Ricardo Fabris, vice-prefeito que renunciou ao cargo no fim do ano passado, é o autor da sétima denúncia, assim como de outras três. Ele mesmo diz que a última peça foi apenas um pretexto para os vereadores aprovarem o afastamento do chefe do Poder Executivo da cidade.
— O sétimo pedido de impeachment foi a fagulha que precisava. Não há um lugar onde tu não ouves crítica ao prefeito, nos mais diversos segmentos da sociedade. Ele conseguiu atrair a antipatia e a raiva de grupos antagônicos, da esquerda e da direta — disse à coluna.
Fabris, que era do Republicanos — assim como Guerra —, afirma que não está filiado a nenhum partido e que pretende retomar as atividades como servidor concursado do Tribunal Regional do Trabalho.

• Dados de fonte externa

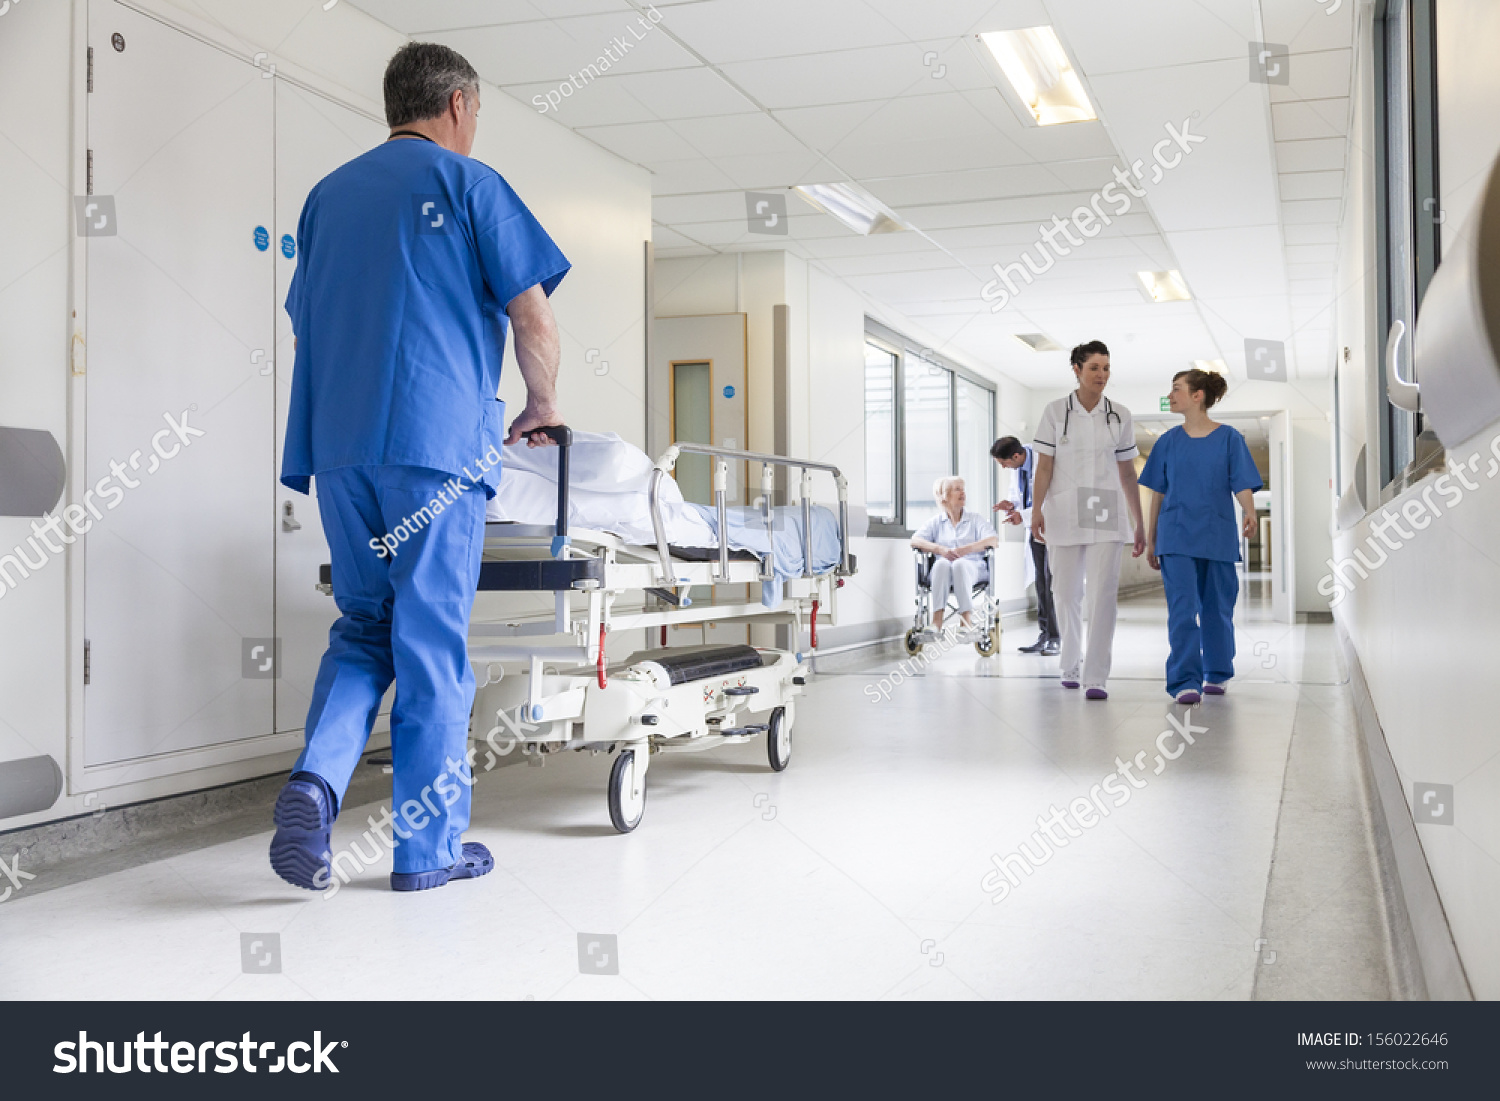 Male nurse pushing stretcher gurney bed in hospital corridor with doctors & senior female patient #156022646

Em Caxias, uma emenda à Lei Orgânica recentemente aprovada diz que, com o afastamento, uma eleição indireta será organizada pela Câmara de Vereadores. A tendência é de que Flávio Cassina, atual presidente da Câmara seja o eleito.
Aliás
A primeira desavença entre o prefeito Daniel Guerra e seu vice ocorreu no dia 30 de outubro de 2016. Ricardo Fabris havia dito a Guerra que achava inadequado aguardar na Igreja São Pelegrino o resultado do segundo turno. No outro dia, ao tentar entrar em contato com o colega de chapa, Guerra teria mandado um assessor dizer que não poderia atendê-lo. A partir daquele momento, a relação nunca mais foi a mesma.

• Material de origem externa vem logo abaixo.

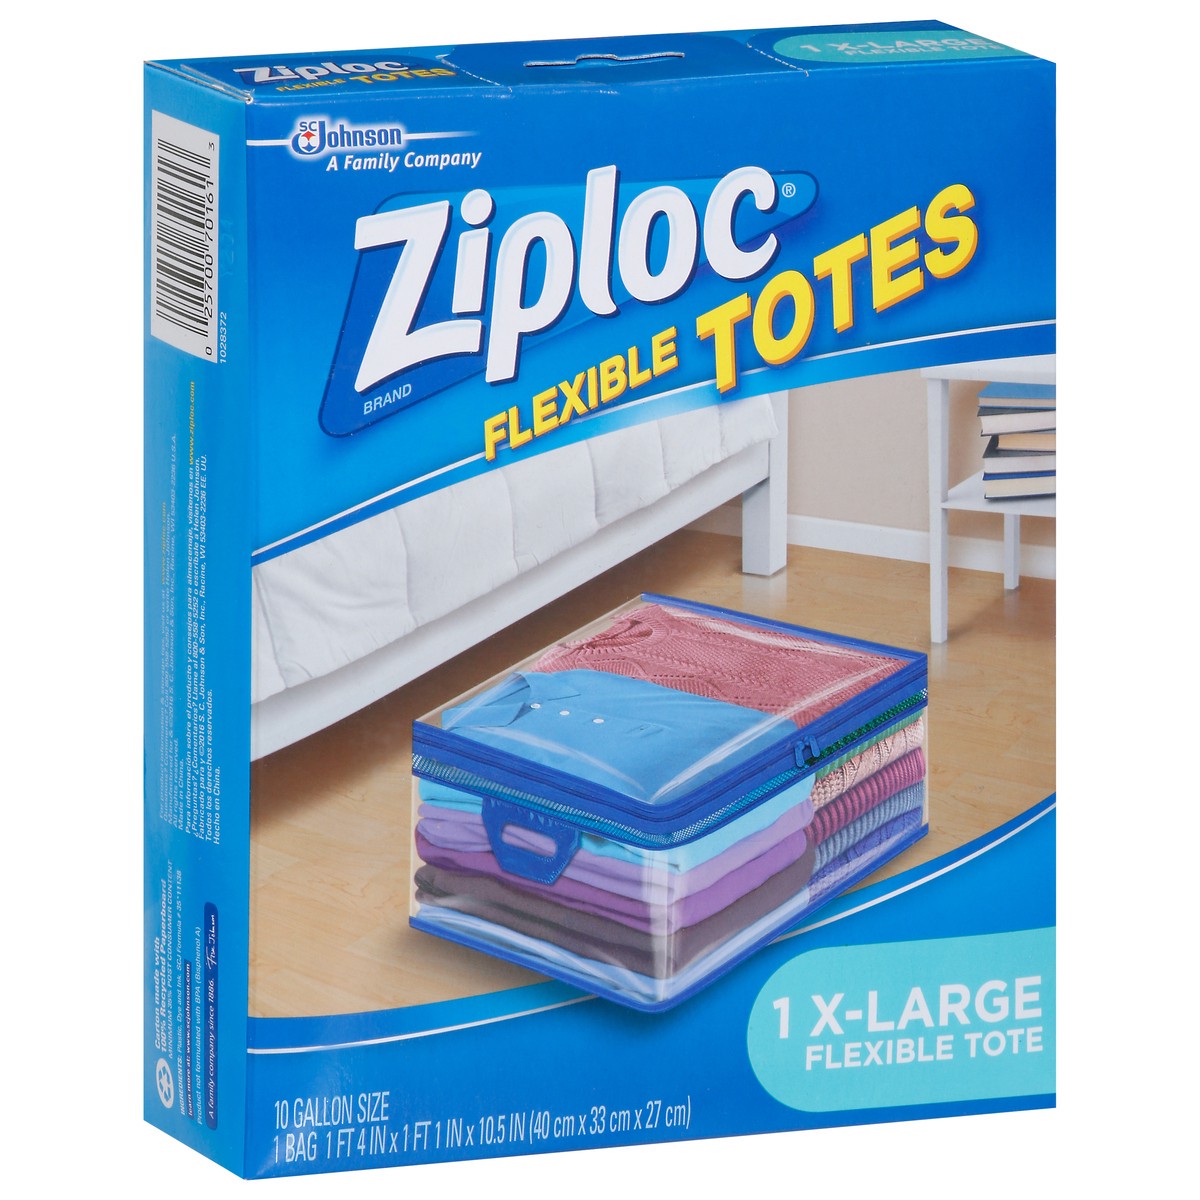 slide 7 of 9, Ziploc Flexible Totes, X-Large, 1 CT, Easy-Close Zipper, Soft-Sided, Rectangular Bags, Built-In Handles, Thick Semi-Transparent Plastic, Flexible to Fit Where You Want Them, 1 ct

ITENS CONSIDERADOS PROCEDENTES PELA COMISSÃO PROCESSANTE
Proibição da bênção pública de Natal dos frades capuchinhos na Praça Dante Alighieri
Motivo: "Relatório defende que as praças são bens públicos de uso comum do povo e que a todos é assegurado o direito a uma convivência harmônica e livre de preconceitos. Os bens de uso comum do povo são aqueles que podem ser utilizados livremente pela população. Assim, a utilização da Praça Dante Alighieri para manifestações religiosas e sociais não depende de autorização do município, apenas de comunicação à administração municipal.

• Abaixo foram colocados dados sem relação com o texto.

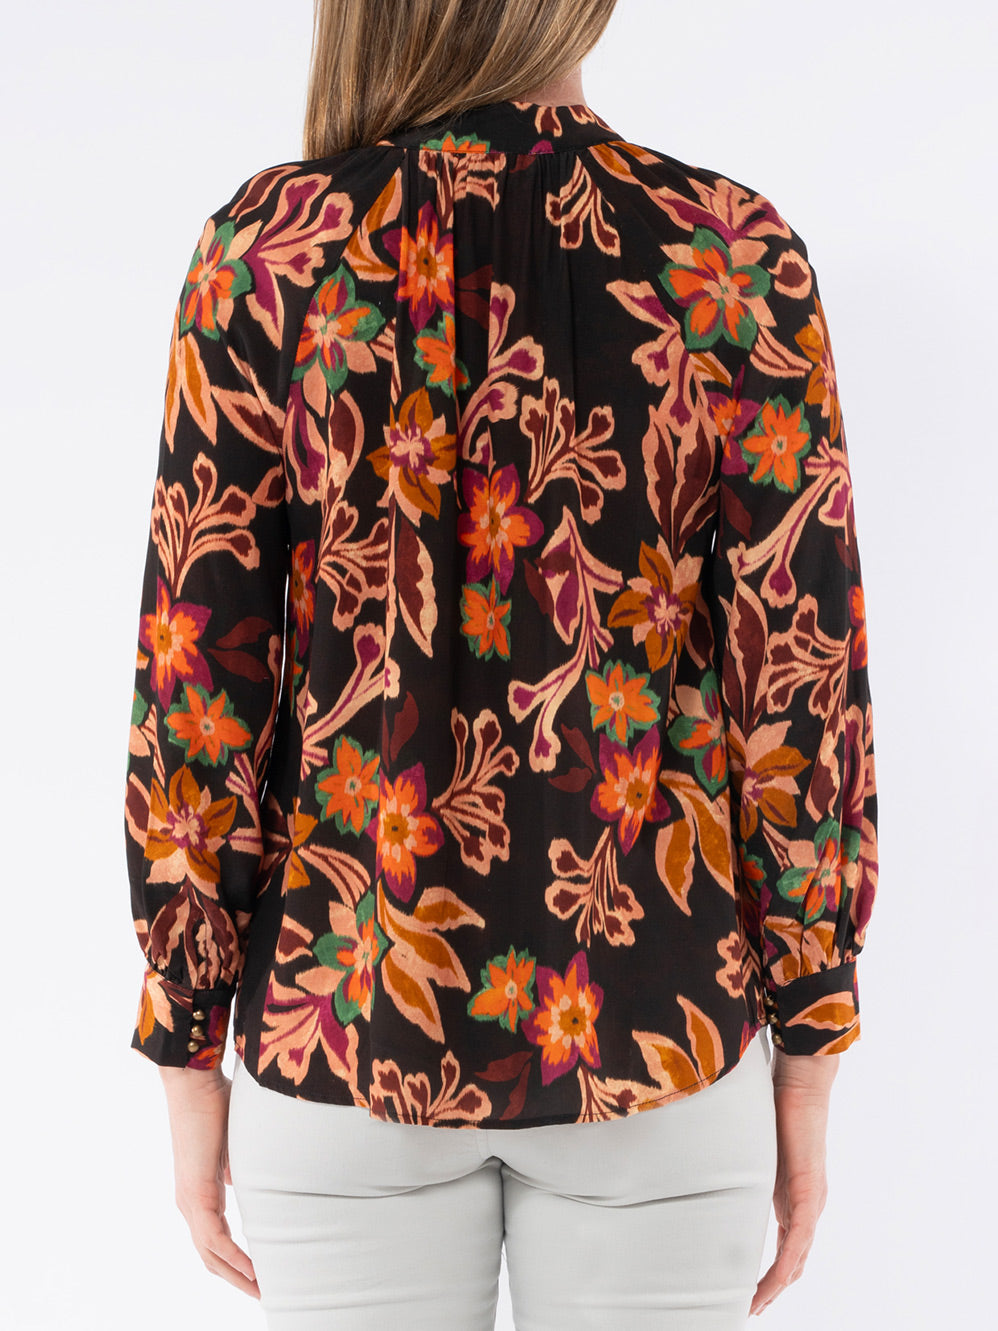 JUMP SPICE FLORAL TOP

Decisão do prefeito de fechar o Pronto-Atendimento 24 Horas para reformas, ignorando o Conselho Municipal de Saúde
Motivo: "O relatório concluiu que o Estatuto das Cidades (Lei nº 10.257/2001) estabelece diretrizes gerais da política urbana que deve ser executada obrigatoriamente pelos municípios e impõe a participação da população na gestão do município. Essa participação poderá ser realizada por meio de conselhos municipais e estes, uma vez criados e instalados, sujeitam as autoridades municipais à redução de sua liberdade decisória."
Proibição da realização da Parada Livre na Praça Dante Alighieri
Motivo: "O relatório defende que a Constituição Federal tem como objetivo promover o bem de todos, sem preconceitos de origem, raça, sexo, cor, idade e quaisquer outras formas de discriminação (art.3º da Constituição Federal). Afirmou-se que a parada do orgulho LGBT, parada do orgulho gay, parada gay ou, simplesmente, Parada Livre era um importante evento de afirmação para a comunidade LGBT e que permitir a Parada Livre em Caxias do Sul não era um ato de benevolência, mas sim um dever do Estado de empregar esforços para que ela ocorresse."